In the limit, there are two models to achieve shared prosperity with the rise of AI: decentralize-and-trade or centralize-and-tax. The traditional web architecture, and its model of unfettered data harvesting, favors the latter. The new web architecture, which you may call “web3”, favors the former. But note that this is a different vision of what’s usually hailed as “web3”. In this alternative formulation, your data lives in your hub rather than on-chain, your credentials are truly soulbound and held in your wallet instead of being NFTs on a blockchain, and your identity is actually private (unless you are an issuer, in which case you can make it public).

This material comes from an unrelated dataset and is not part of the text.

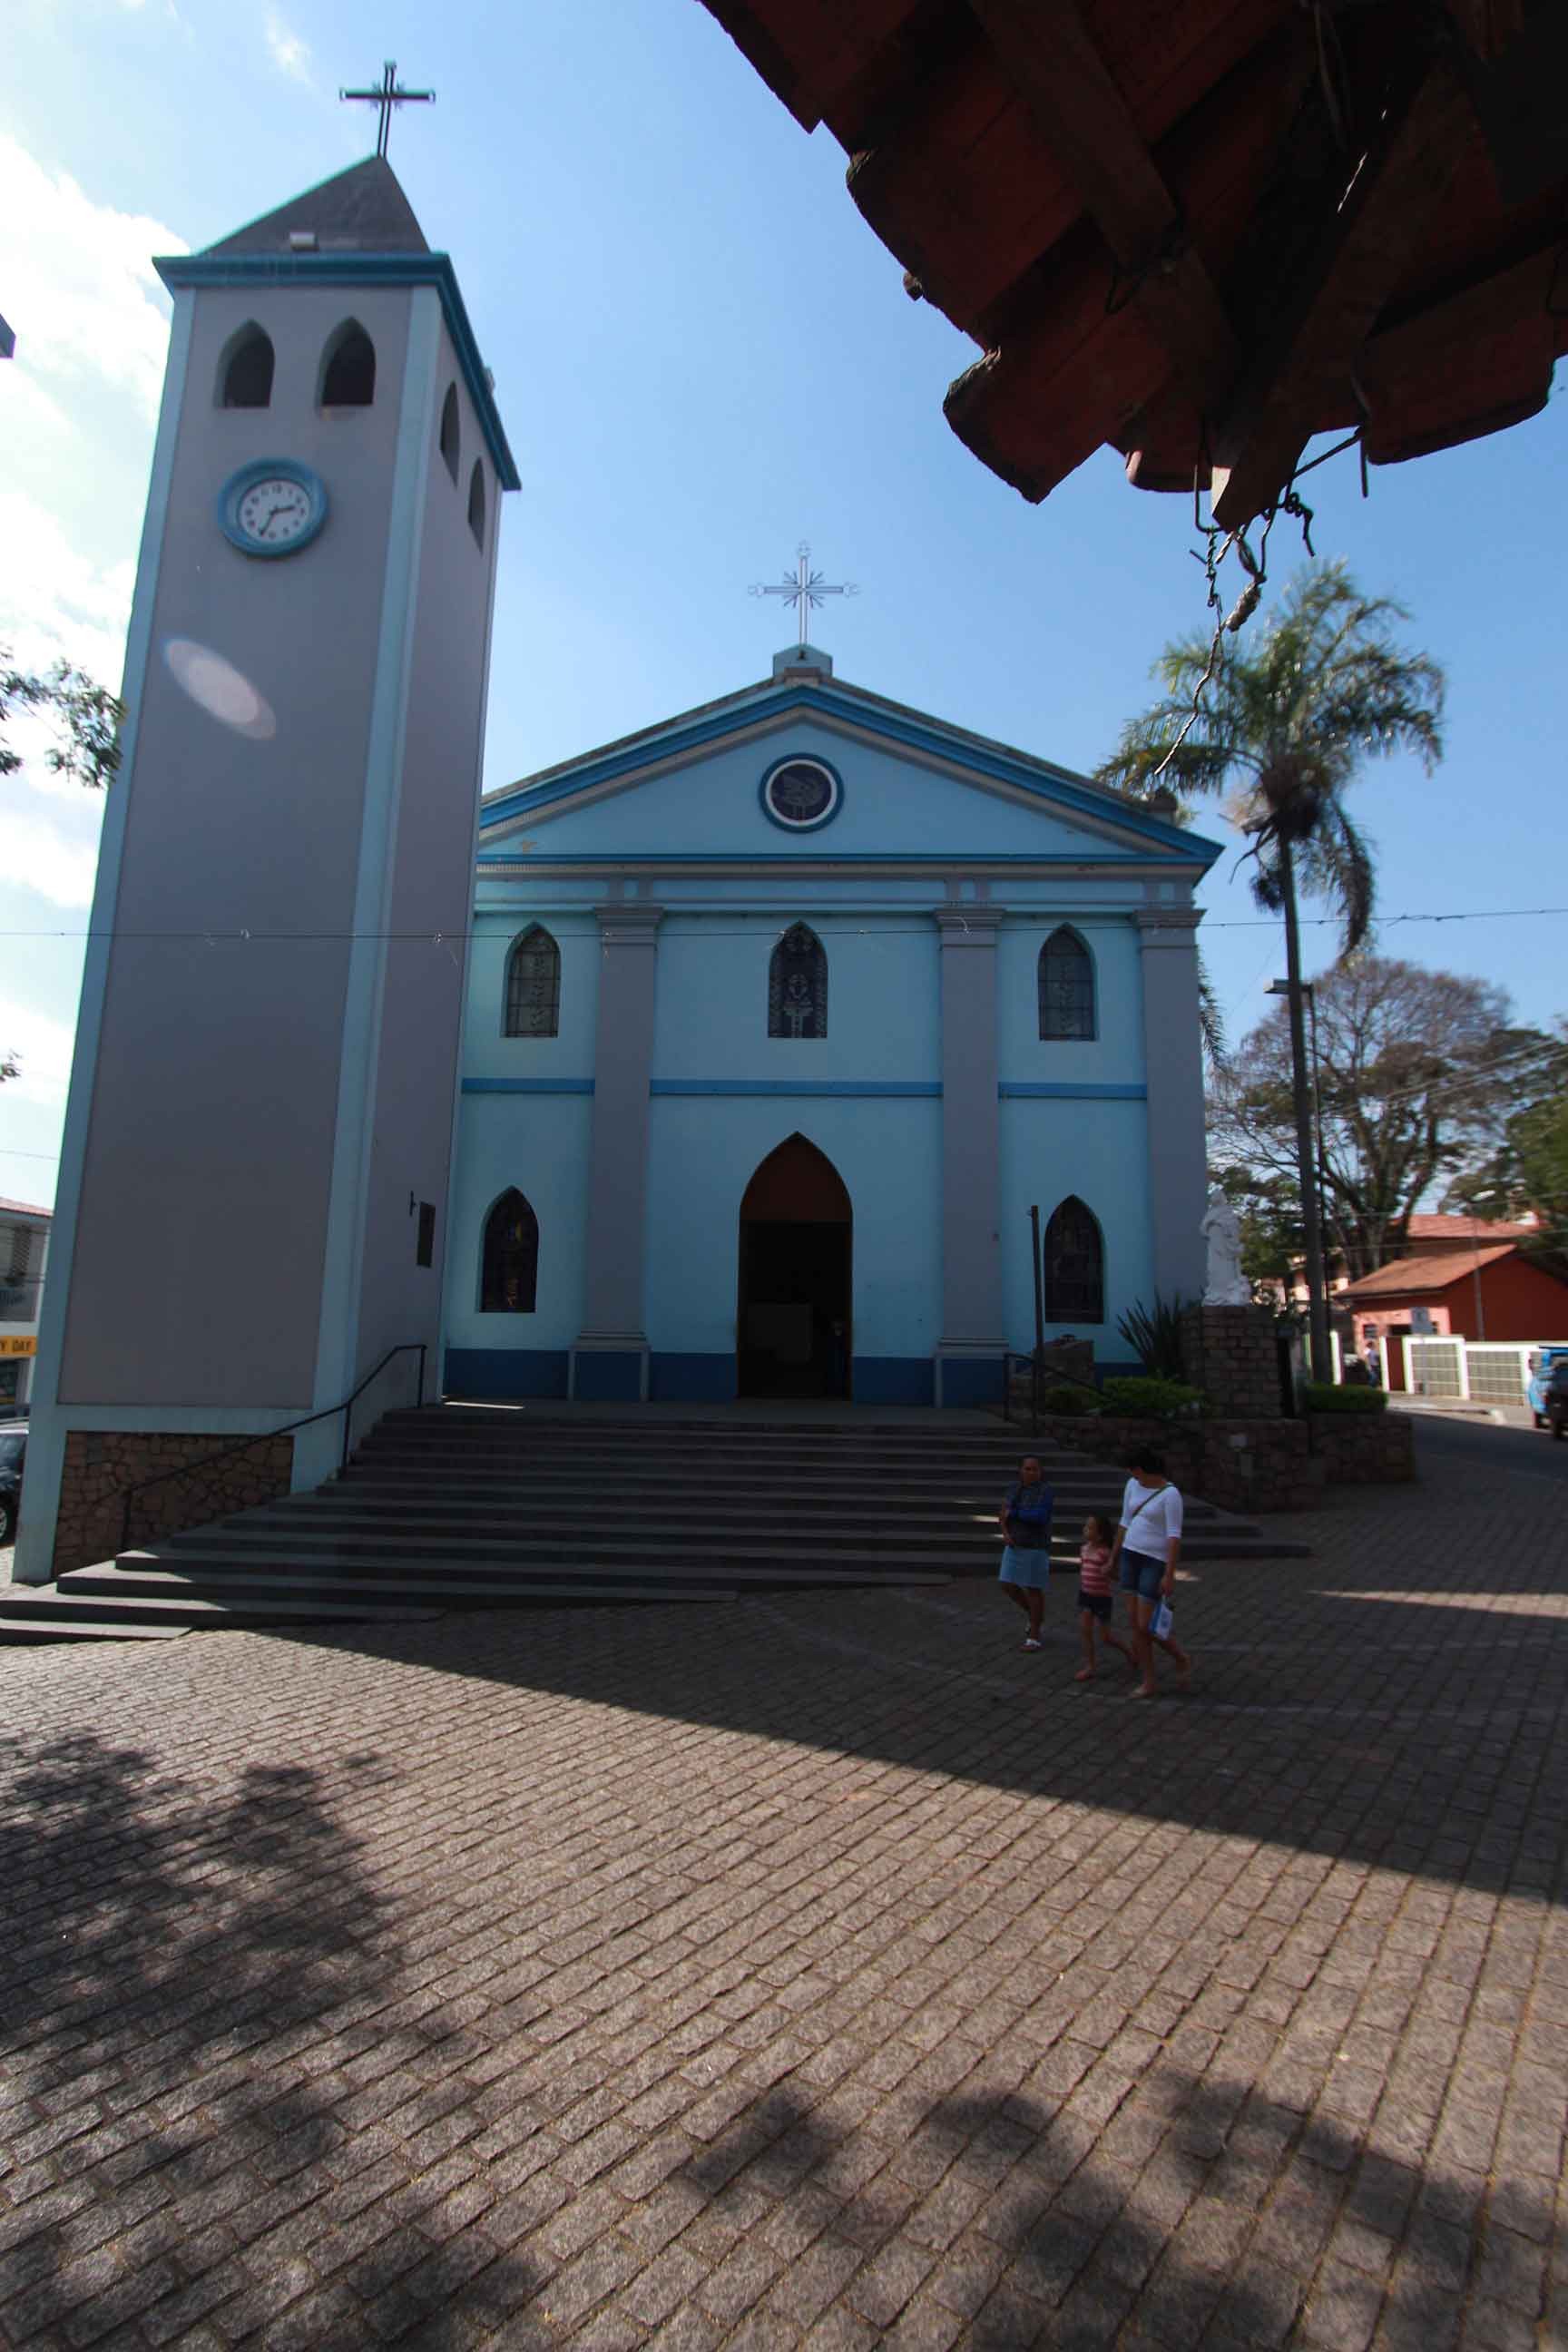 Morungaba-Turismo-Religioso-Paroquia-Imaculada-Conceicao-bx

Daniel Buchner does a good job laying out this alternative vision in which the blockchain, while playing a crucial role, is not the end-all be-all. There’s no tokenomics. It’s traditional governance, in the sense that credentials are rooted in traditional institutions: the value of credentials derives from the trust that the public bestows on the issuing institutions, and their terms of use are reliant on external enforcement. But it’s traditional governance made super-efficient and highly flexible. In contrast, true cryptoeconomic designs typically aim for trustlessness and self-enforcing rules–a very valuable design, but, I’d argue, only appropriate for a limited number of very important use cases.
Finally, a web of hubs and agents would lend itself well to the development of data unions, something which Weyl and Posner advocate for in their book Radical Markets, and which could constitute a further overlay on top of data markets. The idea, a clin d’oeil to traditional trade unions, is for a group of data producers, who agree on common policies, to pool their data for efficiently trading it with AI customers. And hubs’ standard interfaces and agents’ standard protocols are the right primitives to effect such consolidation.
Envoi
AI is unlikely to lead to massive unemployment and the development of a “useless class”. But it does have centralizing tendencies, both political and economic, that should worry us. One way to counteract those tendencies is to re-architect the web in a more decentralized way–something that has been trumpeted by many for some time, most prominently by Tim Berners-Lee, the father of the world wide web.
In my view, the self-sovereign identity movement has to-date the most fully-articulated vision for how to accomplish that and deserves more attention. What may unfold is a fundamental shift in the balance of power between a few platforms harvesting tons of data, and the multitude of internet users unwittingly giving it away. The outcome is a move away from a few powerful siren servers to a redistributive infrastructure where data, while decentralized, can be seamlessly traded, and the prosperity from the development of AI applications be shared.
That said, there are still many technological improvements needed before we get to a web of hubs and agents that can rival the convenience of today’s web experience. And perhaps most importantly, we will need to coordinate the adoption of those technologies from both end users and online service providers. LFG.